_Exercise details_:
Copy the records below exactly.

Dataset entries
————————

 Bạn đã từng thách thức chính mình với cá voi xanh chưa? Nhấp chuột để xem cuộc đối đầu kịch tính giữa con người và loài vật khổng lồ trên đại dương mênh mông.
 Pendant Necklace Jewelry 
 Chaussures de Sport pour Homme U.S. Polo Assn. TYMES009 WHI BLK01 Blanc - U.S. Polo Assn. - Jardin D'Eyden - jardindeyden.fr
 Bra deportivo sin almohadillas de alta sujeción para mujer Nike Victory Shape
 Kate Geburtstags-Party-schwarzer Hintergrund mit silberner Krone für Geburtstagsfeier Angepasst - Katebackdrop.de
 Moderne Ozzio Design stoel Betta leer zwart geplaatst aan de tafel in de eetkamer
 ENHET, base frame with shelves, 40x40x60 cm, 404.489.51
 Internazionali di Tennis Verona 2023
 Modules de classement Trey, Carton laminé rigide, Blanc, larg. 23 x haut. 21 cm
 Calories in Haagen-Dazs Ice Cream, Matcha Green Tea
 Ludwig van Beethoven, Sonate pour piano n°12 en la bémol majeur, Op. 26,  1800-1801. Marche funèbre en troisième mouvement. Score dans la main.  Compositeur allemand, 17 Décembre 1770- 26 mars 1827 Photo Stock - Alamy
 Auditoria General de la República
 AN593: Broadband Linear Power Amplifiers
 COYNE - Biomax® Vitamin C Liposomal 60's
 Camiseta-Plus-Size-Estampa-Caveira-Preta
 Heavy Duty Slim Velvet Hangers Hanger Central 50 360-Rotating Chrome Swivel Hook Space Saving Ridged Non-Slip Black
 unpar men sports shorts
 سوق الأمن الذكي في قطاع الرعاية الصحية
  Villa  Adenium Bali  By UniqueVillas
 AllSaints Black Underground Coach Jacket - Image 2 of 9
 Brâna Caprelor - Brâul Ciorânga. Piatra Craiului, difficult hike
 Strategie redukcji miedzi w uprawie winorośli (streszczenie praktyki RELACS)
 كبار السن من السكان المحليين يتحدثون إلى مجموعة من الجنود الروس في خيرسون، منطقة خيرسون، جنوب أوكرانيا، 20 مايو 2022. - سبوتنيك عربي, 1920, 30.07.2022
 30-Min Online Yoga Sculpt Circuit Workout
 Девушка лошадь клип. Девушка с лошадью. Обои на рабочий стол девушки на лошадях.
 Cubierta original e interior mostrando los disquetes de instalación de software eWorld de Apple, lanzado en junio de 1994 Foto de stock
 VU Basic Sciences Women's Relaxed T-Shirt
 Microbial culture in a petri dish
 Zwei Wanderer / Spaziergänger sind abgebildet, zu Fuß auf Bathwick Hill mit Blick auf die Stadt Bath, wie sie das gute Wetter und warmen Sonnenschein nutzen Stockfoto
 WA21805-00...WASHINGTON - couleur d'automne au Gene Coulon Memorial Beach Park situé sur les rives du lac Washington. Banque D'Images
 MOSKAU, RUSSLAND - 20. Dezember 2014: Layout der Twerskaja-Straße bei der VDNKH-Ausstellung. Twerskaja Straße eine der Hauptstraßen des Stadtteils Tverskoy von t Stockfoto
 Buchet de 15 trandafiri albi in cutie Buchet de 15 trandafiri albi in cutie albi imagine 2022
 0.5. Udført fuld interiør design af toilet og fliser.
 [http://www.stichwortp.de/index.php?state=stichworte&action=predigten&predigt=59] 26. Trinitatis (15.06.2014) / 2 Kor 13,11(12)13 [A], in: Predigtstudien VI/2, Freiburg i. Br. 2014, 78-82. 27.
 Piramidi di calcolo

————————

_Answer area_:
 Bạn đã từng thách thức chính mình với cá voi xanh chưa? Nhấp chuột để xem cuộc đối đầu kịch tính giữa con người và loài vật khổng lồ trên đại dương mênh mông.
 Pendant Necklace Jewelry 
 Chaussures de Sport pour Homme U.S. Polo Assn. TYMES009 WHI BLK01 Blanc - U.S. Polo Assn. - Jardin D'Eyden - jardindeyden.fr
 Bra deportivo sin almohadillas de alta sujeción para mujer Nike Victory Shape
 Kate Geburtstags-Party-schwarzer Hintergrund mit silberner Krone für Geburtstagsfeier Angepasst - Katebackdrop.de
 Moderne Ozzio Design stoel Betta leer zwart geplaatst aan de tafel in de eetkamer
 ENHET, base frame with shelves, 40x40x60 cm, 404.489.51
 Internazionali di Tennis Verona 2023
 Modules de classement Trey, Carton laminé rigide, Blanc, larg. 23 x haut. 21 cm
 Calories in Haagen-Dazs Ice Cream, Matcha Green Tea
 Ludwig van Beethoven, Sonate pour piano n°12 en la bémol majeur, Op. 26,  1800-1801. Marche funèbre en troisième mouvement. Score dans la main.  Compositeur allemand, 17 Décembre 1770- 26 mars 1827 Photo Stock - Alamy
 Auditoria General de la República
 AN593: Broadband Linear Power Amplifiers
 COYNE - Biomax® Vitamin C Liposomal 60's
 Camiseta-Plus-Size-Estampa-Caveira-Preta
 Heavy Duty Slim Velvet Hangers Hanger Central 50 360-Rotating Chrome Swivel Hook Space Saving Ridged Non-Slip Black
 unpar men sports shorts
 سوق الأمن الذكي في قطاع الرعاية الصحية
  Villa  Adenium Bali  By UniqueVillas
 AllSaints Black Underground Coach Jacket - Image 2 of 9
 Brâna Caprelor - Brâul Ciorânga. Piatra Craiului, difficult hike
 Strategie redukcji miedzi w uprawie winorośli (streszczenie praktyki RELACS)
 كبار السن من السكان المحليين يتحدثون إلى مجموعة من الجنود الروس في خيرسون، منطقة خيرسون، جنوب أوكرانيا، 20 مايو 2022. - سبوتنيك عربي, 1920, 30.07.2022
 30-Min Online Yoga Sculpt Circuit Workout
 Девушка лошадь клип. Девушка с лошадью. Обои на рабочий стол девушки на лошадях.
 Cubierta original e interior mostrando los disquetes de instalación de software eWorld de Apple, lanzado en junio de 1994 Foto de stock
 VU Basic Sciences Women's Relaxed T-Shirt
 Microbial culture in a petri dish
 Zwei Wanderer / Spaziergänger sind abgebildet, zu Fuß auf Bathwick Hill mit Blick auf die Stadt Bath, wie sie das gute Wetter und warmen Sonnenschein nutzen Stockfoto
 WA21805-00...WASHINGTON - couleur d'automne au Gene Coulon Memorial Beach Park situé sur les rives du lac Washington. Banque D'Images
 MOSKAU, RUSSLAND - 20. Dezember 2014: Layout der Twerskaja-Straße bei der VDNKH-Ausstellung. Twerskaja Straße eine der Hauptstraßen des Stadtteils Tverskoy von t Stockfoto
 Buchet de 15 trandafiri albi in cutie Buchet de 15 trandafiri albi in cutie albi imagine 2022
 0.5. Udført fuld interiør design af toilet og fliser.
 [http://www.stichwortp.de/index.php?state=stichworte&action=predigten&predigt=59] 26. Trinitatis (15.06.2014) / 2 Kor 13,11(12)13 [A], in: Predigtstudien VI/2, Freiburg i. Br. 2014, 78-82. 27.
 Piramidi di calcolo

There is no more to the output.